My jacket’s being tugged again.  That must mean he’s back.  I look down and there’s my grandson once more, this time carrying a small plate with a sandwich on it.  “What cha got there?” I ask him.

“I made you a sandwich,” he tells me.  Turkey, mayo, swiss, a little pepper, on a hoagie roll.  My best friend’s favorite sandwich.  Simple, yet elegant.  Kid’s got good taste at least, even if it was a lucky guess on his part.

“Thank you.”  This time, I find myself genuinely thankful.  “Thank you very much.”  I take the sandwich, smile at him again, and ruffle his hair a little.  He smiles back.  “Give me a second, okay?  Grandpa’s gonna go talk with his friend for a minute.”  I wouldn’t expect this child to understand what I’m talking about, but somehow he does and gives me some space, so I take this opportunity to address my friend, just the two of us.

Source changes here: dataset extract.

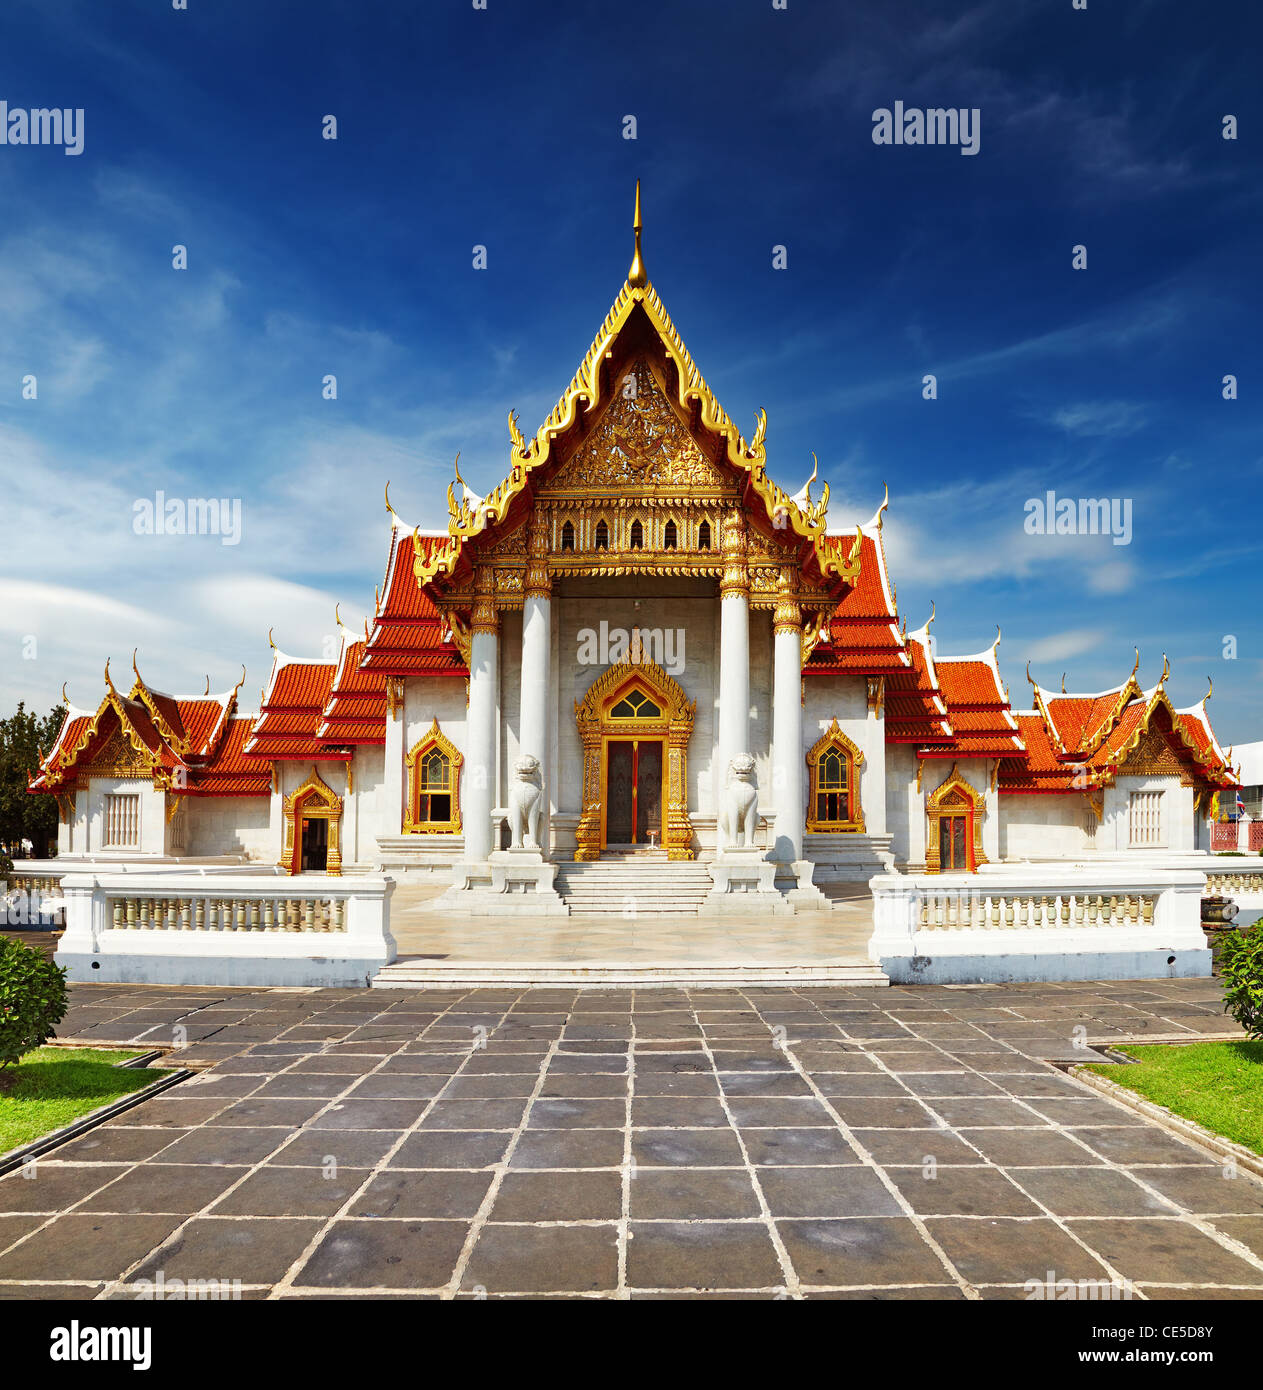 La arquitectura tradicional de Tailandia, Wat Benjamaborphit o Templo de mármol, Bangkok Foto de stock
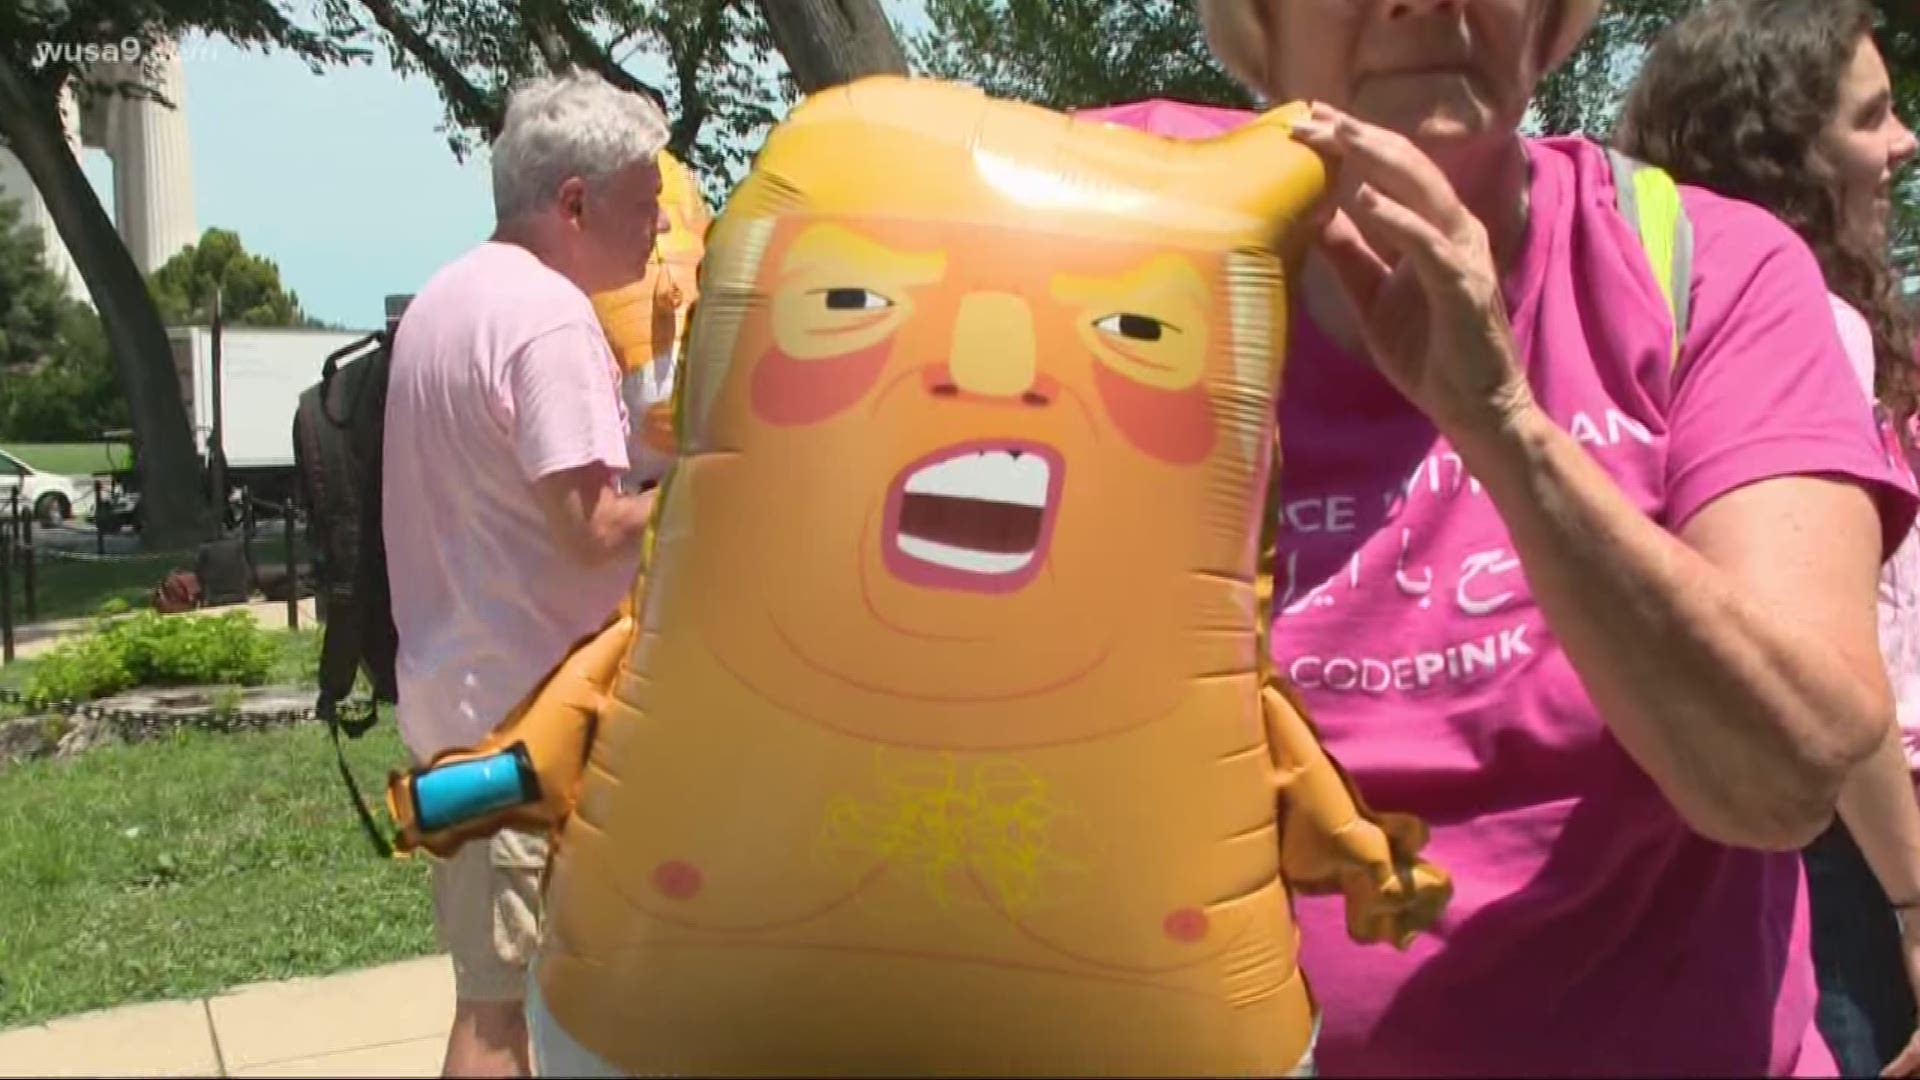 22" x 17" Baby Donald Trump Impeach Foil Balloon Funny Party Balloon Decoration~

“How you holdin’ up?”  He would have laughed at that if he wasn’t dead.  I fidget with the sandwich in my hand.  “Sandwich?” I ask him, to no response of course.  I set the sandwich down on a table nearby along with the lemonade I’ve neglected to drink.  “I don’t know what to say here old friend.”  I fiddle with my tie.  I hated wearing suits.  He would have laughed at me having to wear a suit if he wasn’t dead.  “You remember a few years back?”  I’m talking to the corpse of my dead friend.  I’ve become senile.  “You remember when we agreed to live another ten years?  I said it was impossible, and you said that if I died before then, you’d owe me a Coke.  Well it seems that you won’t be owing me a Coke.”  Yeah, he definitely would have laughed at that.  I’ll miss that laugh.  I’ll miss him.  “Thanks a lot for everything you’ve done for me over the years.  You were always my best mate.  I wouldn’t have made it this long if you hadn’t made it easier to age gracefully.”  I’m beginning to tear up now.  I feel somewhat ridiculous, an old man starting to cry.  I haven’t cried since third grade, and I’m beginning to cry now.  At least I saved it until a time when it really counted.  “Goodbye…Kyle.”

A hand comes up besides mine and grabs my pinky.  “Grampa?  You ready to go?”  He really isn’t such a bad kid I suppose.  I look down at him and smile weakly.

“Yeah.  Yeah I think I’m ready.”  I give one last look around the room, checking to see if there is anything left worth hanging back for.  Seeing nothing, we walk out of the room.

“Grampa, what was your friend Kyle like?”

“He was the greatest friend I ever had, and nothing will ever change that.”  I look down at the kid again and smile.  “C’mon, enough sad talk for now.  How ‘bout I take you out for some ice cream and tell you about the time me and Kyle got thrown out of our senior prom.”  My friend would have laughed at that story again.  I’m gonna miss him.